-
Notifications
You must be signed in to change notification settings - Fork 13
Description
Lately, our team has been experiencing issues with ZIP deployments to App Service, via GitHub Actions workflows. However, it does not appear that GitHub Actions has anything to do with this particular issues.
Over the past several weeks, we've been seeing the following errors, sporadically, during deployments to app service
Deployment has been stopped due to SCM container restart. The restart can happen due to a management operation on site. Do not perform a management operation and a deployment operation in quick succession. Adding a small delay can help avoid any conflicts.
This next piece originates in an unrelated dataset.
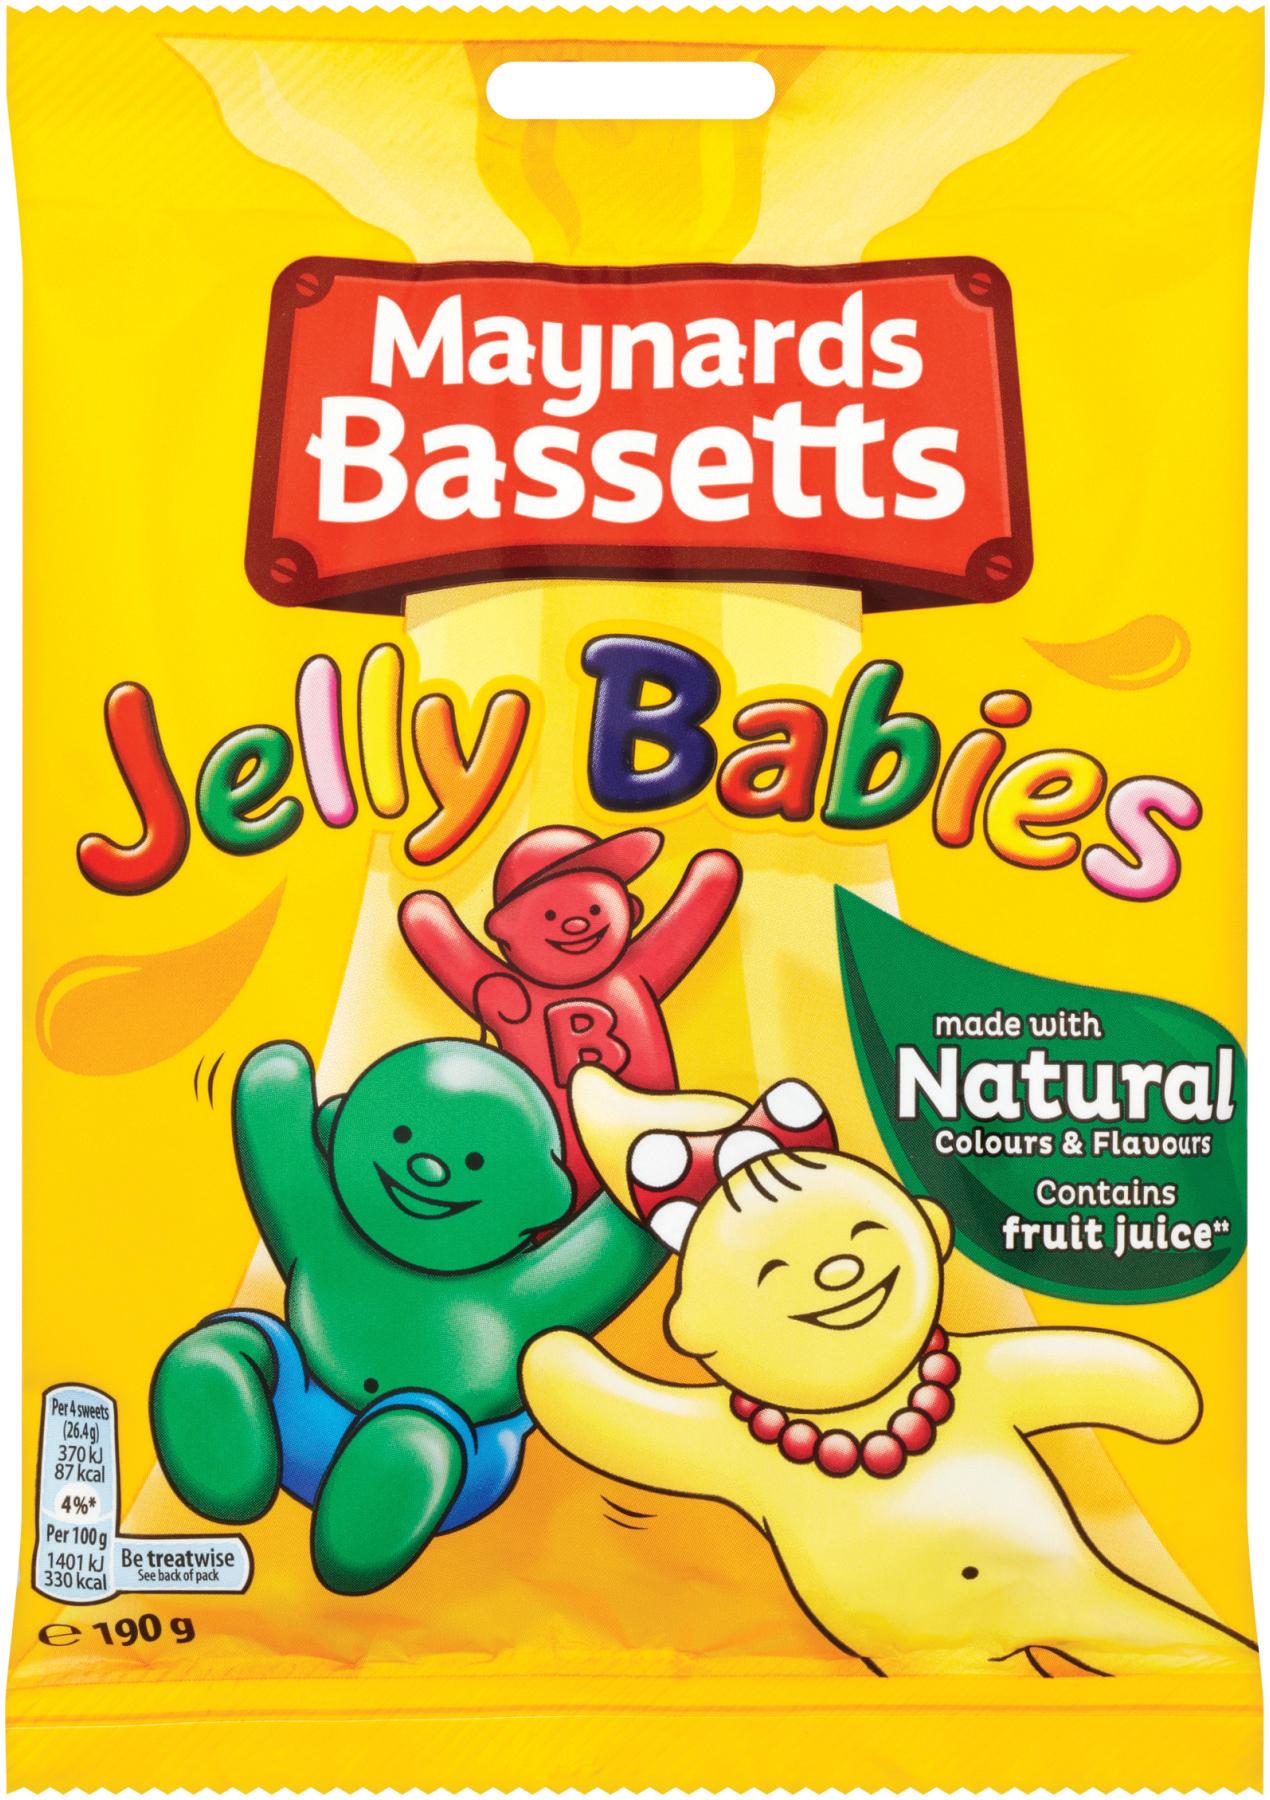 Maynards_Bassetts_Jelly_Babies_Sweets_Bag_190g_7622300700157

As I mentioned, our team uses GitHub Actions to deploy our applications to Azure App Service, using the ZIP deploy method via the azure/webapps-deploy action. Under the hood, this should be using the Kudu APIs to deploy, similarly to if we used the Azure CLI az webapp deploy command.
Prior to the past few weeks, we had not experienced these errors in the several months that we've been deploying our apps to app service. It's also worth noting that these errors started occurring without any changes being made to the workflow.
In researching this issue, I've come to understand that Kudu utilizes a separate SCM container that provides the functionality needed for ZIP deployments, and that this container is restarted any time a "management operation" is performed for a web app (i.e. start, stop, etc). Judging from the error message, if that SCM container is in the process of restarting while a deployment is happening, then Kudu will fail the deployment with the error message I shared above.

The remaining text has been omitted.